══ Data

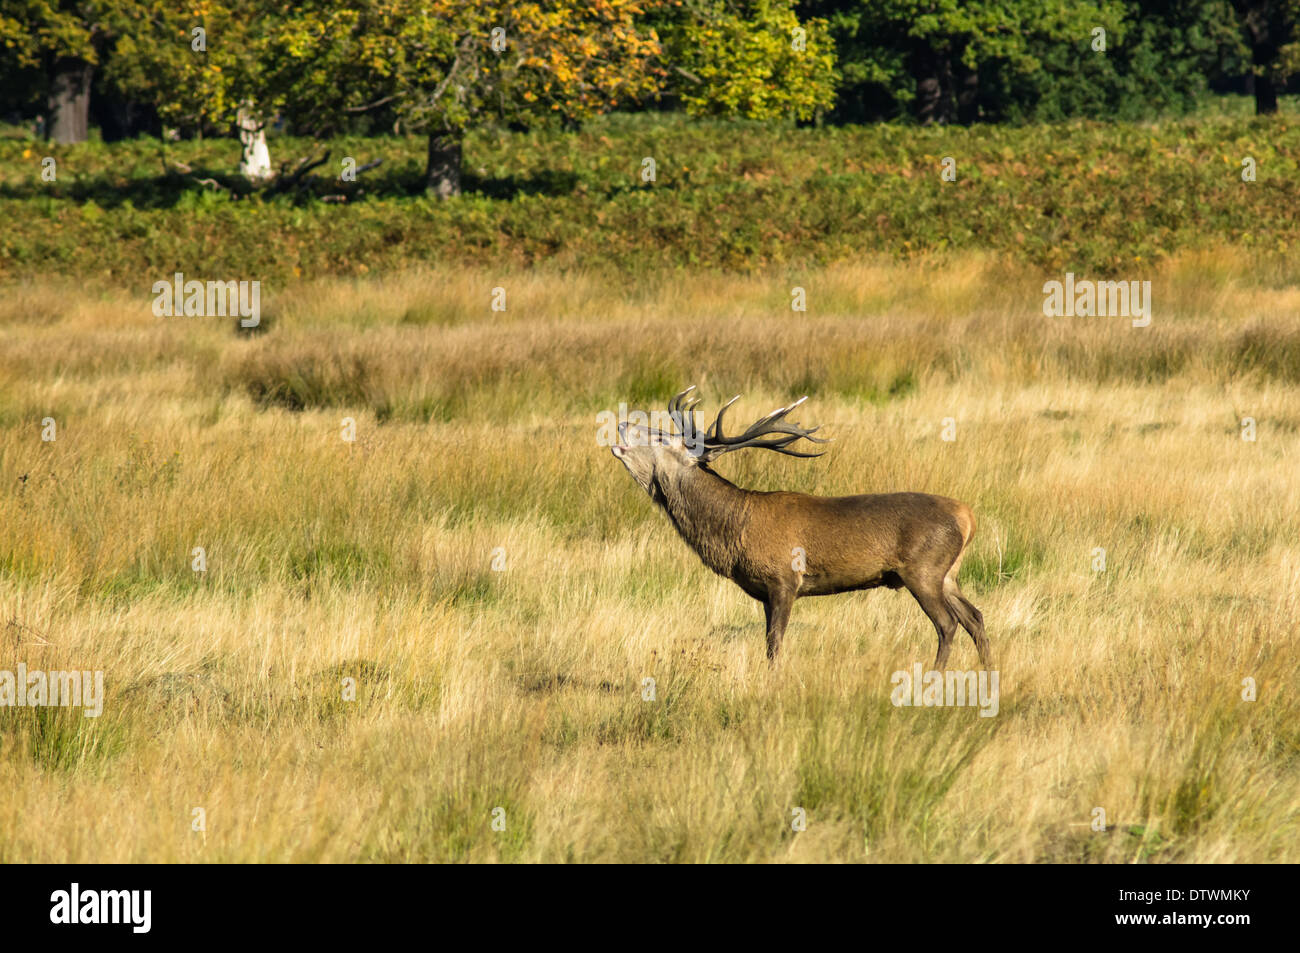 deer with large antlers roaring in a forest Stock Photo
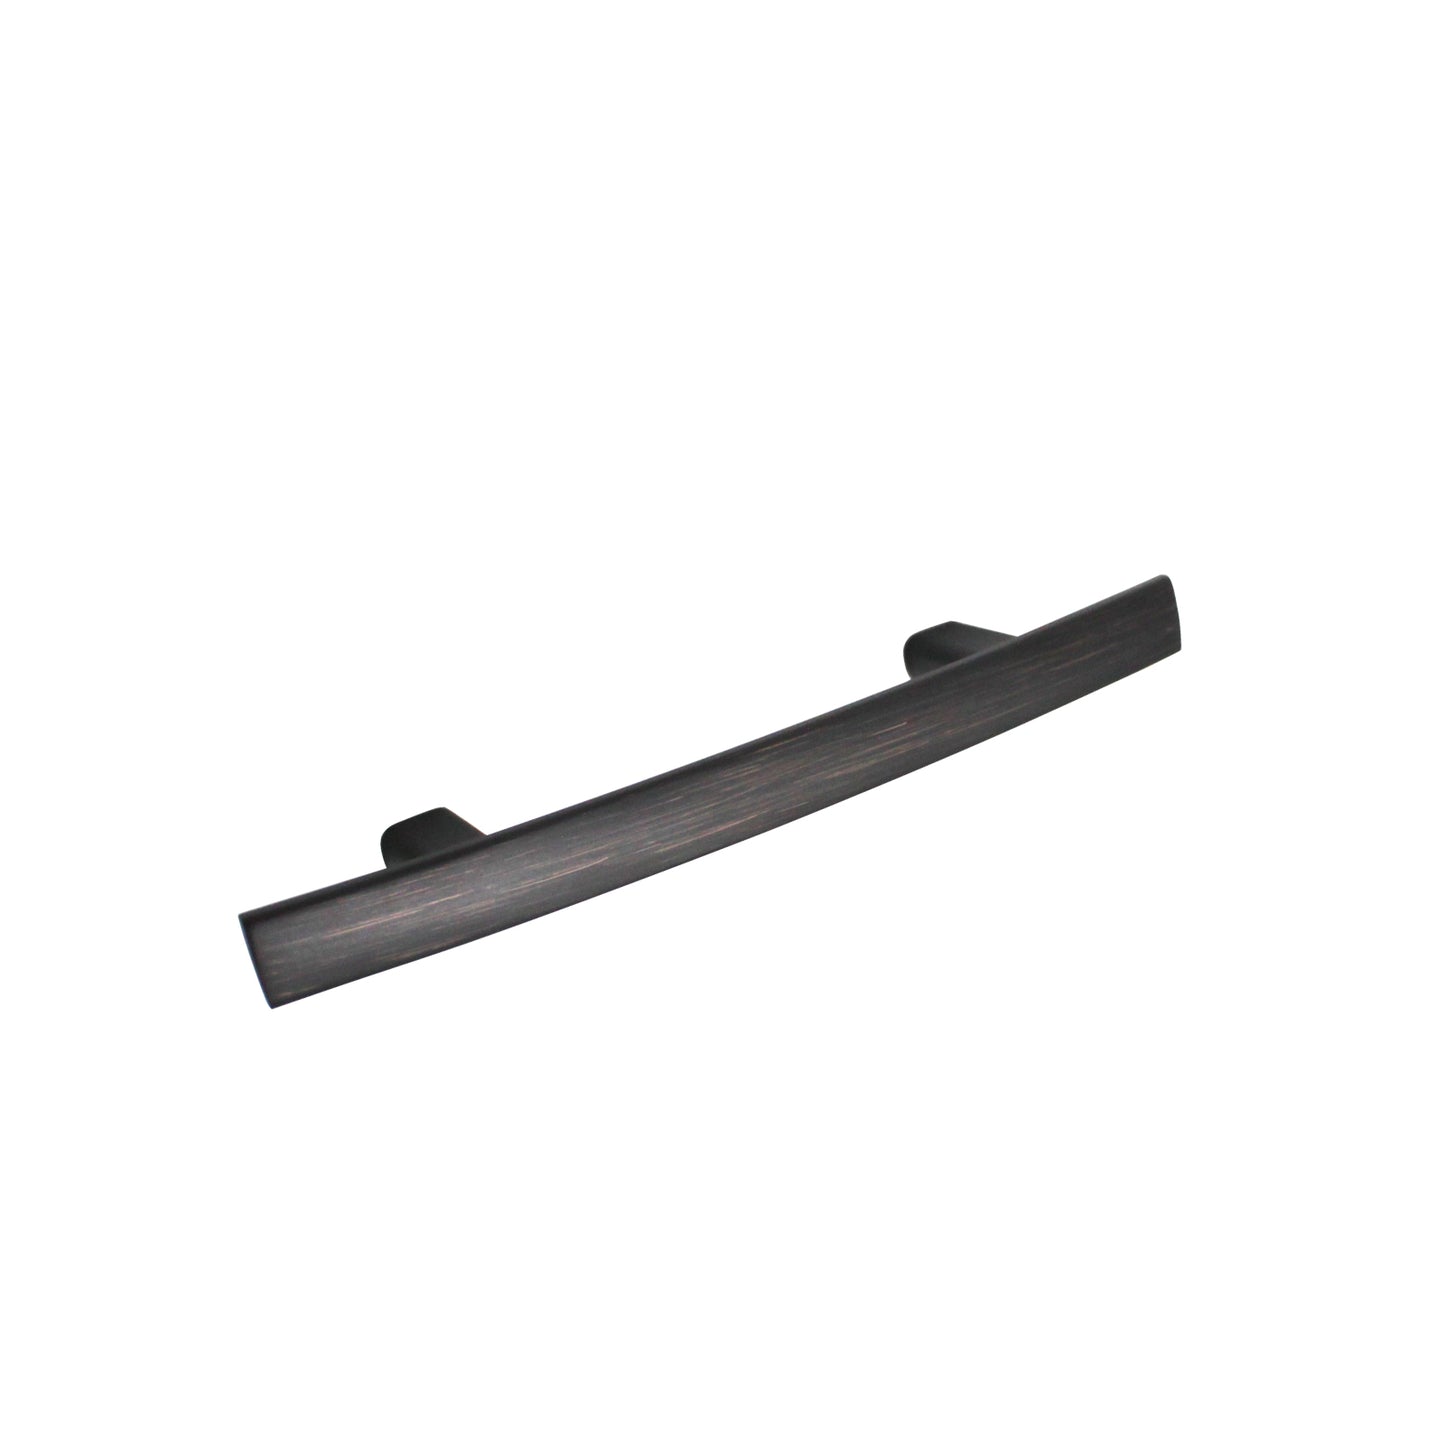 Curved Subtle Arch Cabinet Handles 3inch 76mm Hole Centers Oil Rubbed Bronze Finish PD81670ORB76 - Probrico
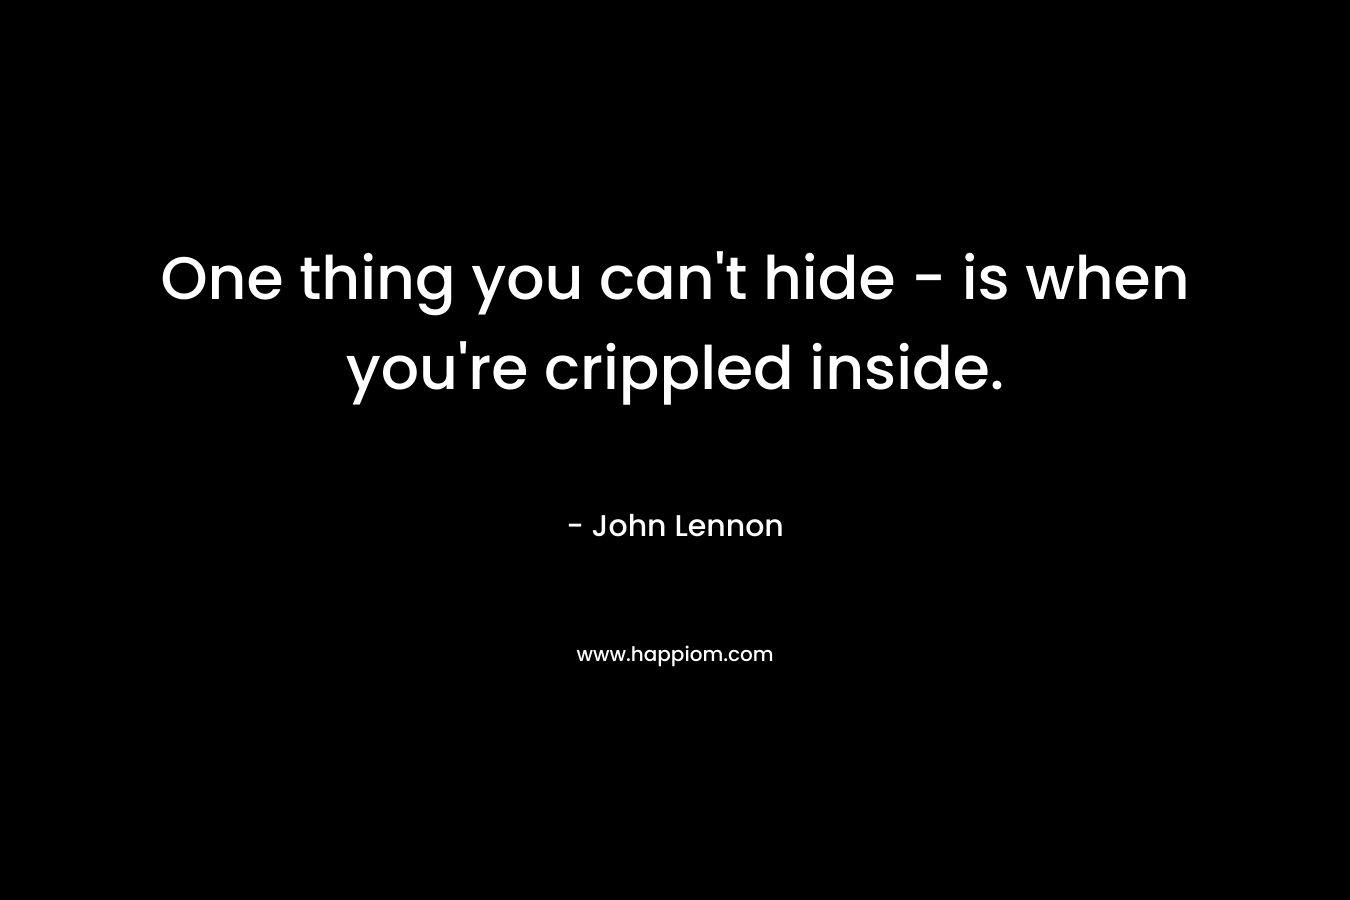 One thing you can't hide - is when you're crippled inside.
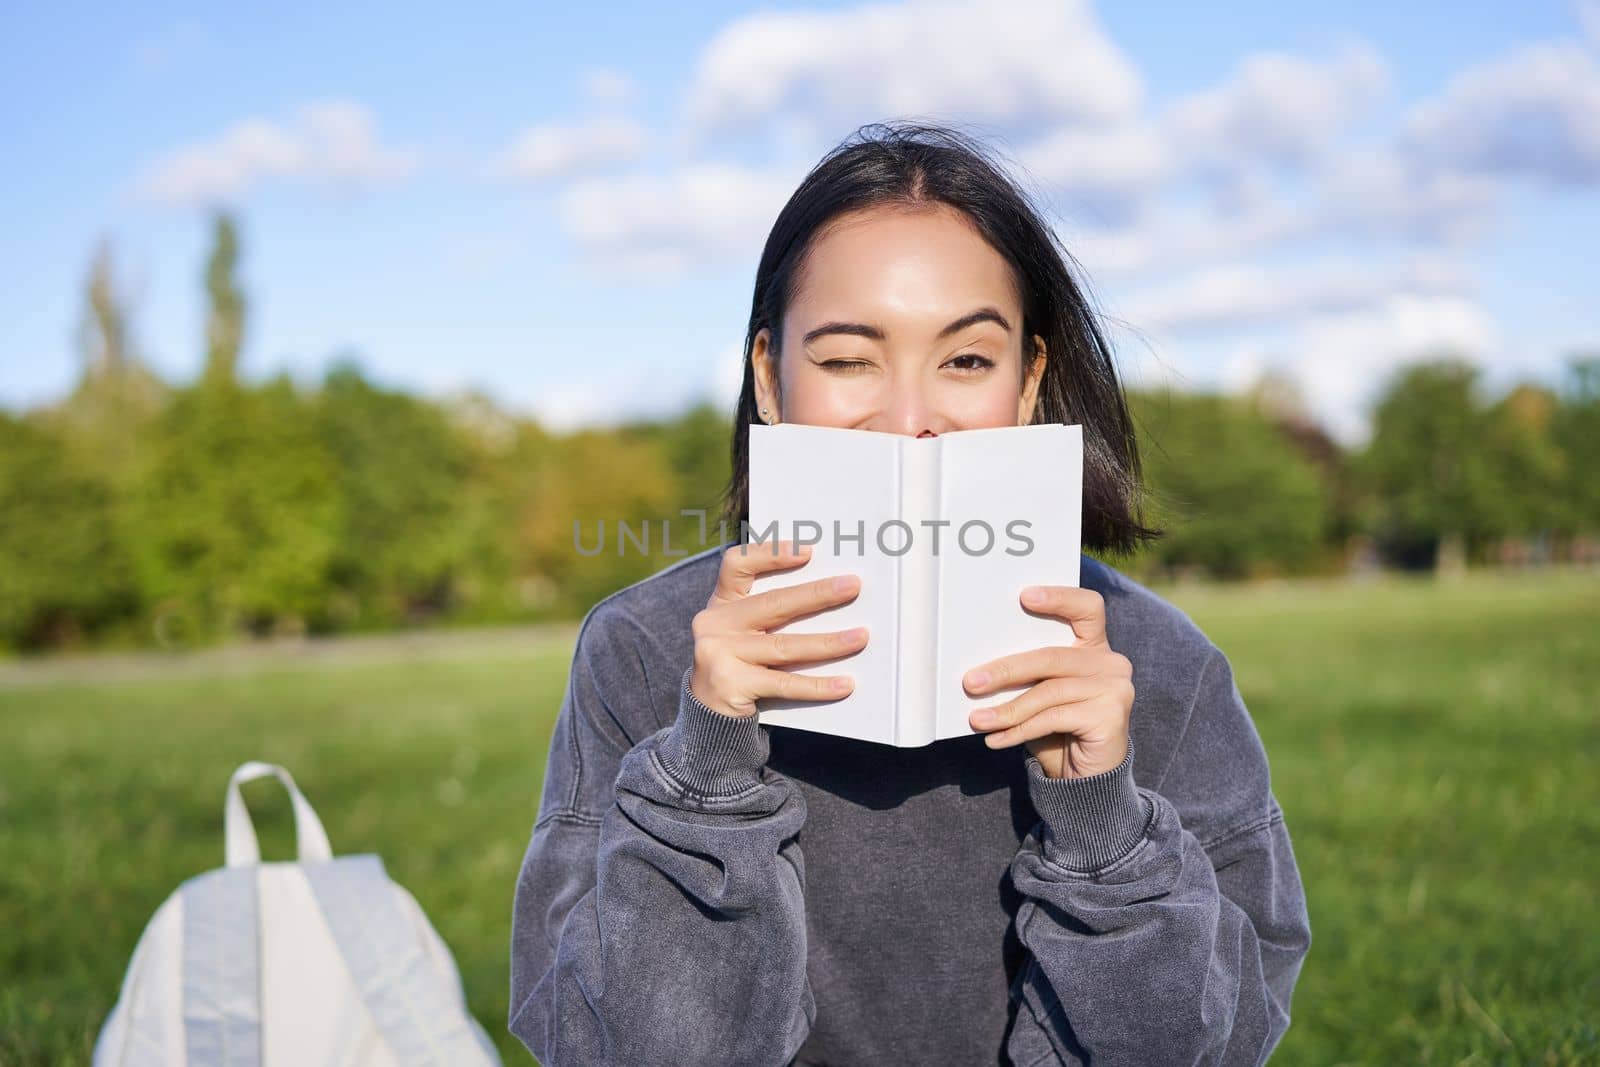 Beautiful asian girl sitting in park on grass, reading and smiling. Woman with book enjoying sunny day outdoors.

════

» Exercise objective: Word for word, restate only the lines from the one bearing "One thing you" through the final line of the listing, inclusive, with no pictures.

» Finished exercise:
 One thing you can't hide - is when you're crippled inside.
 Beautiful asian girl sitting in park on grass, reading and smiling. Woman with book enjoying sunny day outdoors.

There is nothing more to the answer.